Faith at the dinner table

Giovanna Eusebi is the owner of Eusebi’s Deli in Glasgow. She recently contributed an essay on the Catholic approach to food in the book Reclaiming the Piazza III.

Family

My great-grandmother came to Scotland when she was 16 in 1920. My mum came from Italy and married my father when she was 18. My mother’s background was the cucina povera, the poor farmers of Southern Italy.

I suppose it’s the first movement you think of that talks about preserving food and not being wasteful; from land to table working with the seasons. It’s very ingrained in Italian culture. Sustainability at the heart of everything.

At the table they were very mindful of how sacred food is – food is to nourish the soul. Often with fast food we become fast consumers: eating for eating’s sake. By devaluing food at the table you also devalue the people who produce it.

Our table was always about slowing things down and coming together. We try to live those values in our restaurant as well.

The pandemic

When the pandemic came, everyone was told to stay home. Well, if you didn’t have a home, where were you to go? Where is the dignity in someone having to queue up for their dinner?

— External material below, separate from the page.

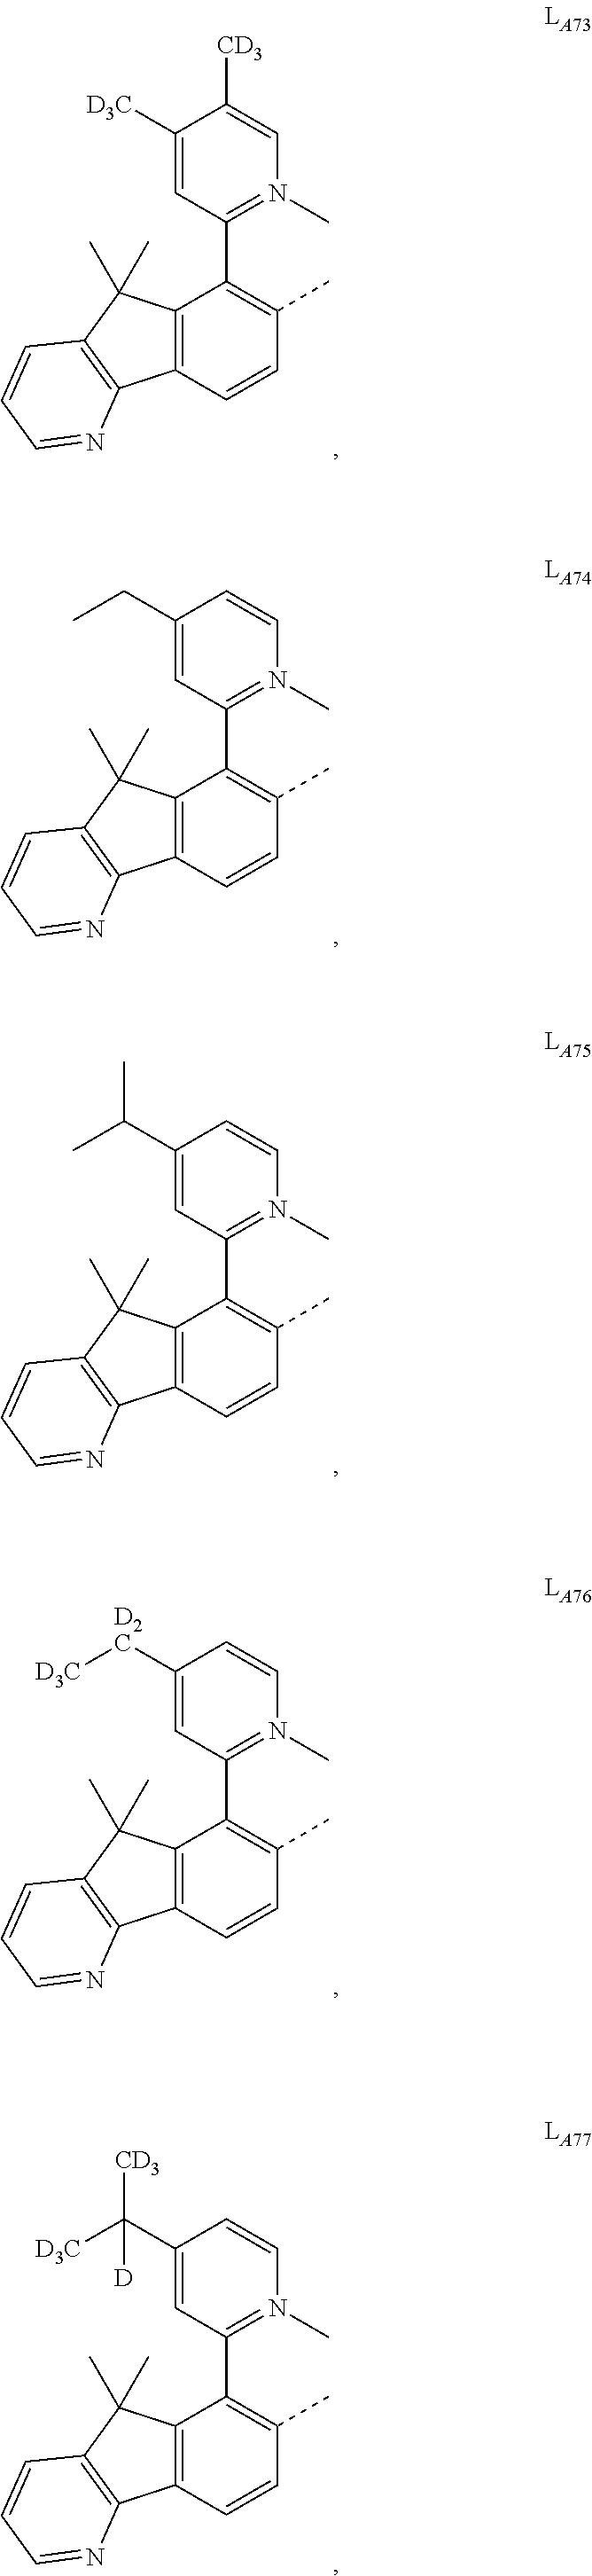 Figure US10003034-20180619-C00453

We started a network with other restaurants in the city to get meals to George Square for the Kindness Homeless team, an amazing charity started by one woman to distribute food and essentials.

Sustainability

Sustainability is really important to me. Food waste is a bigger contributor to the ruination of our planet than plastics. Last year, with COP26, food waste wasn’t even on the agenda.

We joined in on a campaign called ‘Plate up for Glasgow’. We got 30 or 40 hospitality venues on board. We challenged them to make one low-waste dish and put it on their menu.

Ours was a cauliflower. We used the whole thing, the core, the leaves, we made ricotta cheese, and made a dressing. It was to highlight the problem of food waste, but it was also to bring hospitality together after the pandemic and show how we could save the money and the planet together.

God gives you something good and pure in food, and man’s greed often ruins it.

Father

My father was a meticulous cook. He would take his time and everything had to be done properly – and his sugo was legendary. We’d make it together in huge pots.

One day, in our busy wee place, uncannily no-one came in from 3-6 o’clock until we closed.

We just spoke and chatted through life – I mapped out all the mistakes I made and he just told me how much he loved me and how proud of me he was of me. And that was it. He went for dinner with my brothers and that was the last time I saw him.

Luckily, a friend of mine had gone into the shop and took this sugo and put it in the freezer. I found it a week later and just sobbed my heart out. His cooking was a way of caring.

Memories

Hospitality was always there in my life. My parents always had shops and were always behind counters. For me, it was very vocational: you see the difference they made in people’s lives in generations of families. I’ve had the privilege of cooking important meals for people. A few years ago, a lady came in and ordered food with her family and husband.

Afterwards, she came up and told me it was their last meal together. He was dying and they wanted to have all the family together. There is an old couple who come in and they’re so in love.

But his memory is eroding. They used to come out weekly but now come out monthly. So, she cherishes every moment at that table. Being a part of precious moments in time is a privilege.

A lot of people ask: what would be your last meal? It wouldn’t be my last meal that would be important. It would be the people I was eating it with.

Reclaiming the Piazza

I think you have to see God in the ordinary. I think Faith is to be lived and celebrated. And I celebrate mine at my table.

There are some amazing chapters in that book on the arts, architecture, and music and it was nice to be included in that.

It’s all about finding God in ordinary things and for me that was cooking.